LVS Looking For Opportunities To Exit Las Vegas And Switch To Asian Market

Article by : Helen Nov 9, 2020

Taking into account the fact that Las Vegas Sands (LVS) is one of the biggest casino corporations in the world that provides luxury hotels, top-notch gambling venues, Meetings, Incentive, Convention and Exhibition (MICE) facilities, and many other amenities, a rumor that the Sheldon Adelson-led corporation is actively looking for buyers for some of its major facilities on the Las Vegas Strip was rather unexpected. To be exact, LVS is exploring all the possible variants of getting rid of 3 huge Las Vegas gambling venues. These are Palazzo, The Venetian Las Vegas, and the Sands Expo Convention Center. The company expects to get approximately US$6 billion out of the deal, but all of this leads to failure. Instead of trying to get rid of the facilities directly, the analysts suggest the company to make use of the real estate investment trust (REIT), which will allow it to focus on the Asian market without losing its presence in Las Vegas.

Sanford C. Bernstein analysts believe that completing the deal through the REIT is the most likely outcome for the Las Vegas Sands corporation. This is pretty much similar to the deal сut by MGM Resorts International earlier this year. The company sold some of its biggest facilities with the REIT being a purchaser and then leased them back. The sale-leaseback structure is a pretty common thing for those US casino operators who are looking for ways of selling their assets. Thanks to this structure, the operator can reduce its expenditure and benefit from a great amount of cash that can be invested in other activities.

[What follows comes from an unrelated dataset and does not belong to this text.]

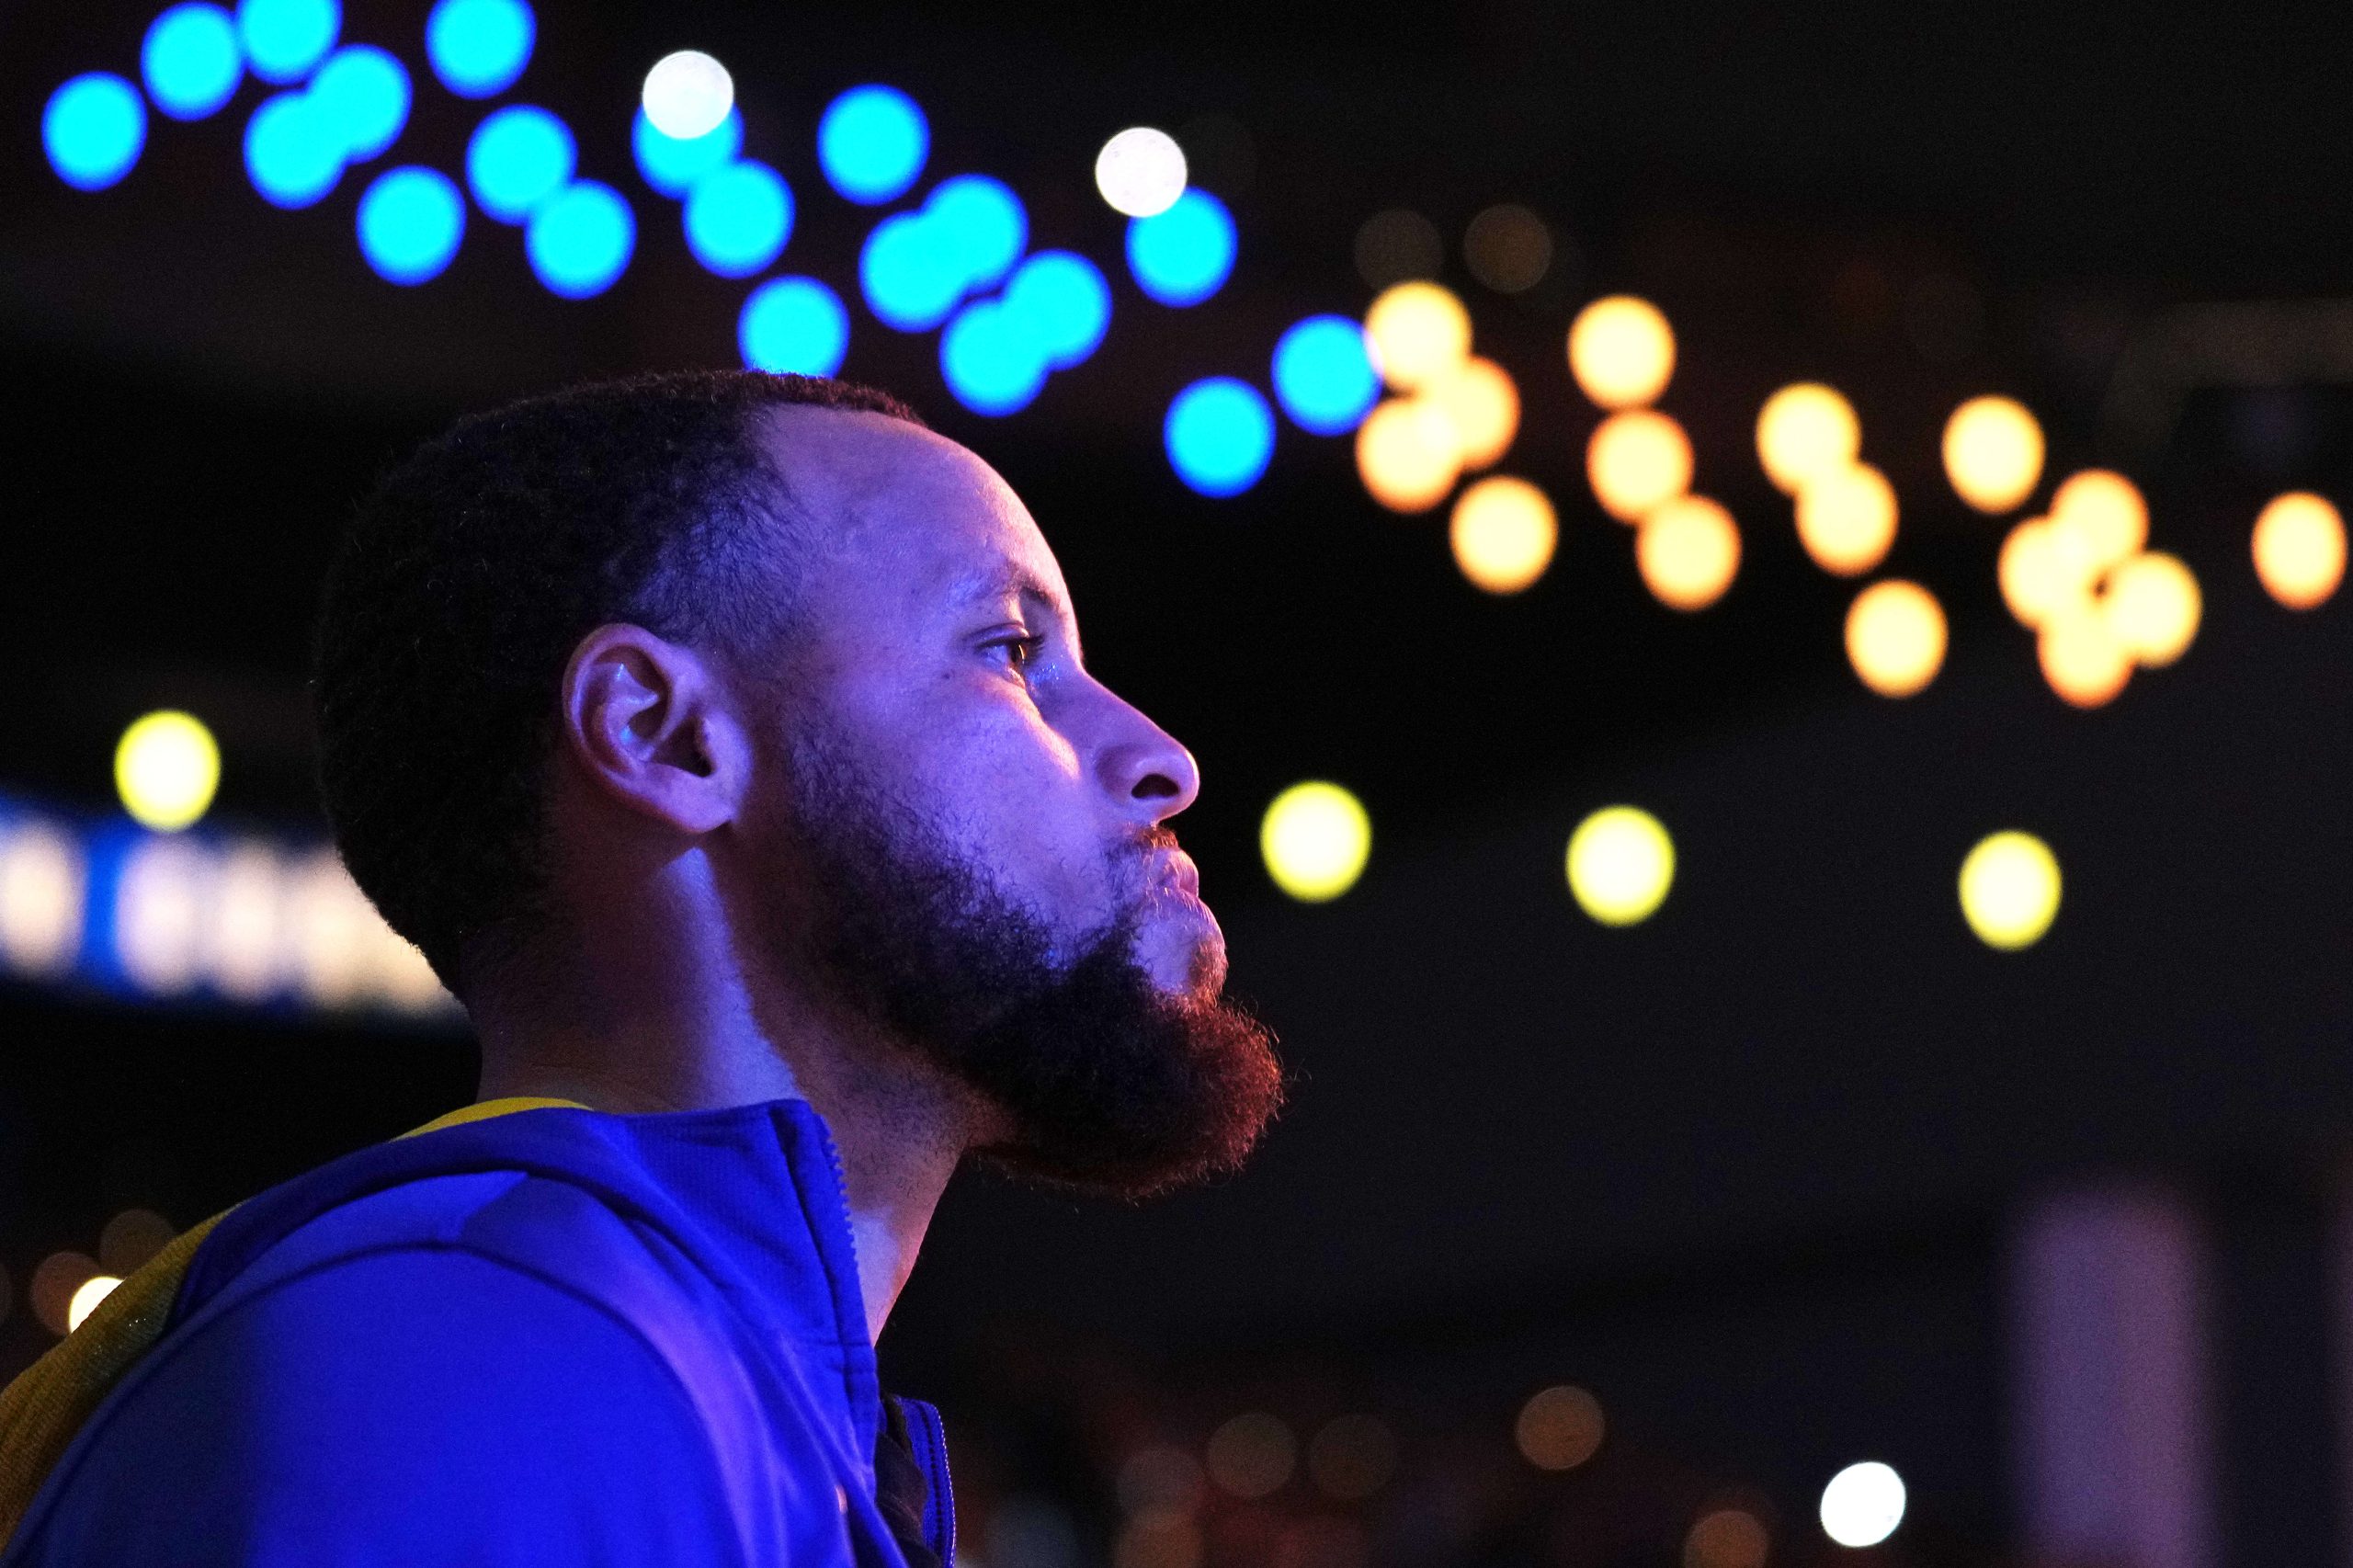 Apr 23, 2023; San Francisco, California, USA; Golden State Warriors guard Stephen Curry (30) stands on the court before game four of the 2023 NBA playoffs against the Sacramento Kings at Chase Center. Mandatory Credit: Darren Yamashita-USA TODAY Sports

We are not sure how much interest from strategic buyers there might be given the high absolute price, other reportedly available assets on the Strip, and the unique positioning of the properties. However, given the potential for a cheaper OpCo price through a sale-leaseback and historically relatively steady EBITDA, there could be other interest.

Thomas Allen

Overall, the analysts are positively considering the potential sale of the Las Vegas Sands facilities. First of all, the sale is happening at a time of political uncertainty in the USA, which pushes the corporations towards the changes. Second, stepping away from the “American-like” business models will give the company strength to operate on the Asian market and to switch to the higher ROI projects in Singapore and Macau. “It’s definitely not fun to be in a ‘storm eye’ – positioned amidst a variety of disputes/tensions, both domestic and foreign,” the experts say. Furthermore, picking up some massive cash injections will allow LVS to cover a major part (if not fully cover) of its US$4 billion debt. Having such a massive debt weighs down the company, especially when it comes to exploring new projects and markets.

Morgan Stanley’s Allen is excited to see the impact of the sale on the growth of the Singapore and Macau projects, as they generated more EBITDA in 2019 than the Las Vegas projects. While Las Vegas suffers from the coronavirus consequences, the Marina Bay Sands in Singapore has shown positive results in the 3rd quarter.

Anyway, despite refocusing on a completely different segment of the gambling industry that is considered to be “purely Asian”, the name of Las Vegas Sands will likely remain unchanged.